With next to no arms sales to the region before 2005, China is now a key supplier to Latin America. Venezuela continues to lead in China’s Latin American arms sales, with the Stockholm International Peace Research Institute (SIPRI) estimating that between 2011 and 2015 Venezuela purchased $373 million of Chinese weaponry. A $500 million deal in 2012 for weaponry including armored personnel carriers and self-propelled artillery ensures that this arms relationship is set to continue flourishing into the future.

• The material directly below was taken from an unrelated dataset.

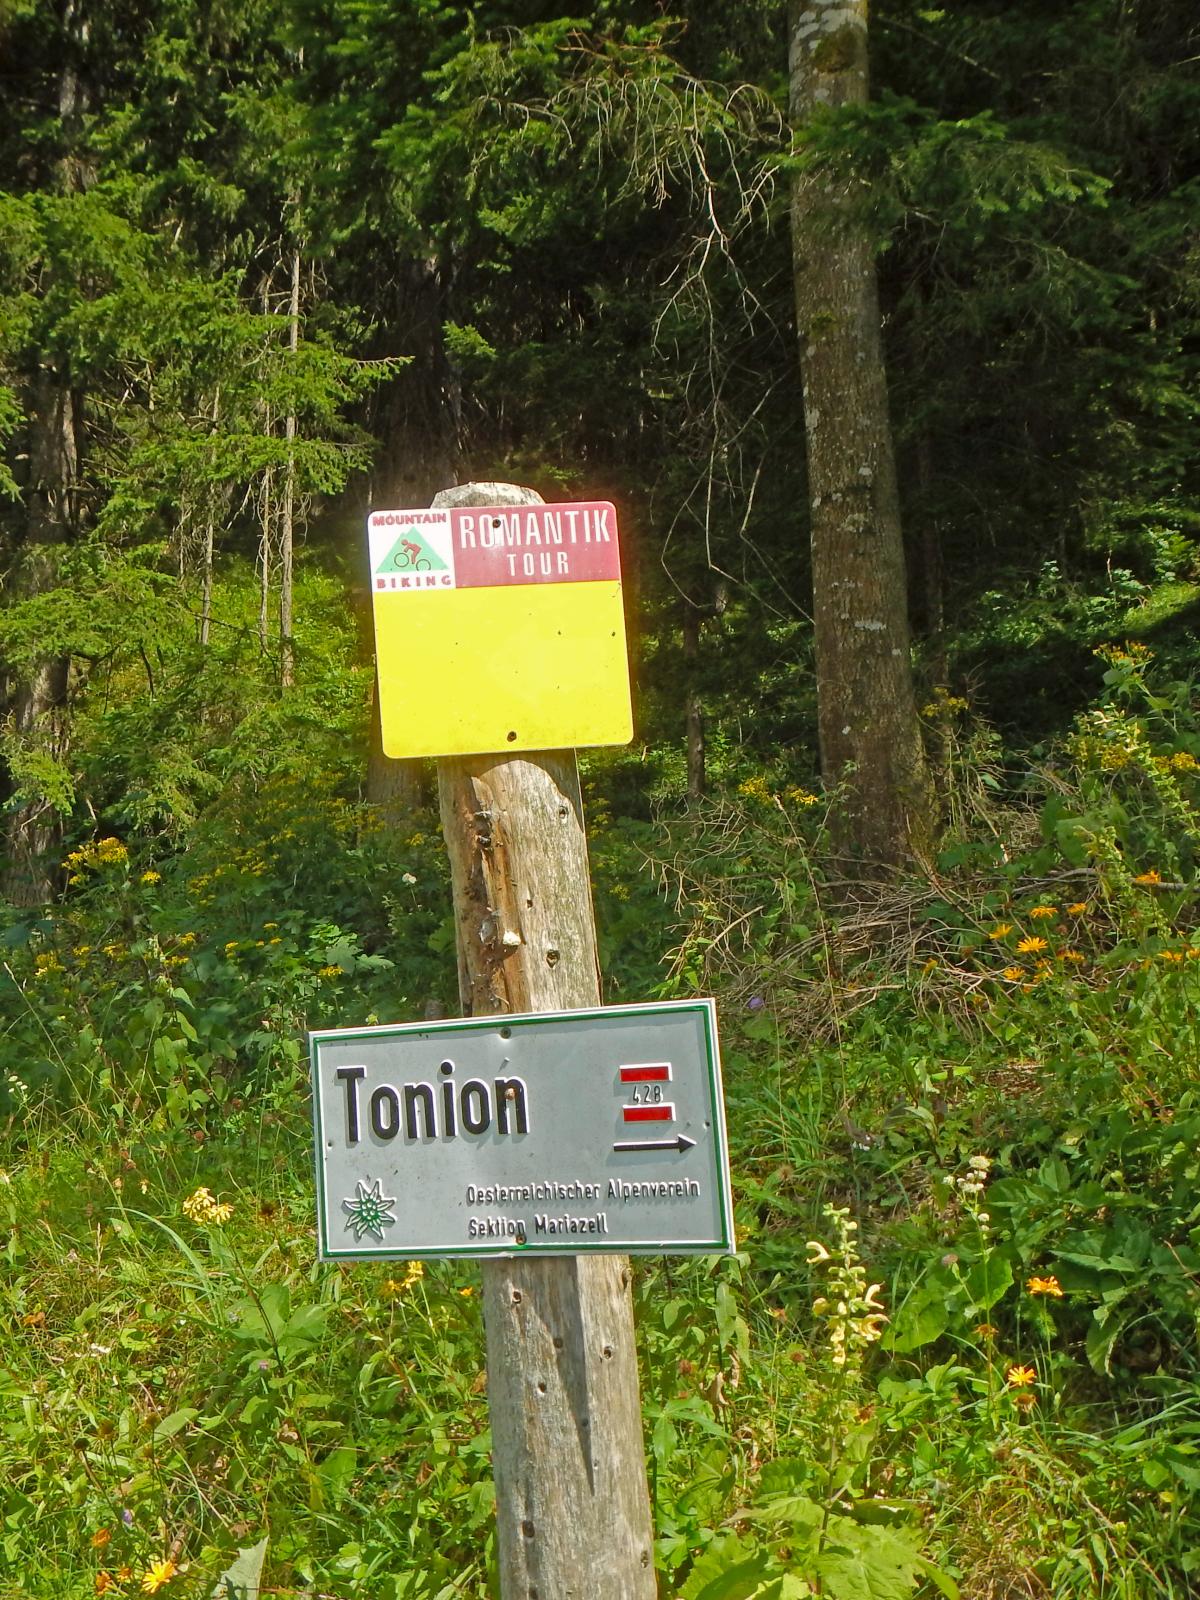 Tonion (252 Bildaufrufe)

Yet China has also made significant inroads into many other countries in the region. The socialist-leaning “ALBA” states (Alianza Bolivariana para los Pueblos de Nuestra América, or “Bolivarian Alliance for the Peoples of Our America”) have shown a particular interest in Chinese military hardware. Bolivia, for example, has secured deals worth $58 million and $108-113 million in 2009 and 2012, respectively, for China’s Karakorum trainer jets and Panther helicopters. Non-ALBA states, too, have been increasingly interested in procuring Chinese armaments in recent years. Interestingly, in 2009, Peru — a key economic partner for the United States in the region and supporter of the U.S.-led Trans-Pacific Partnership — purchased 15 of China’s FN-6 portable surface-to-air missiles (SAMs) in a $1.1 million deal, along with ten more of its SAMs. Then, in 2013, it bought 27 multiple rocket launchers in a $39 million deal.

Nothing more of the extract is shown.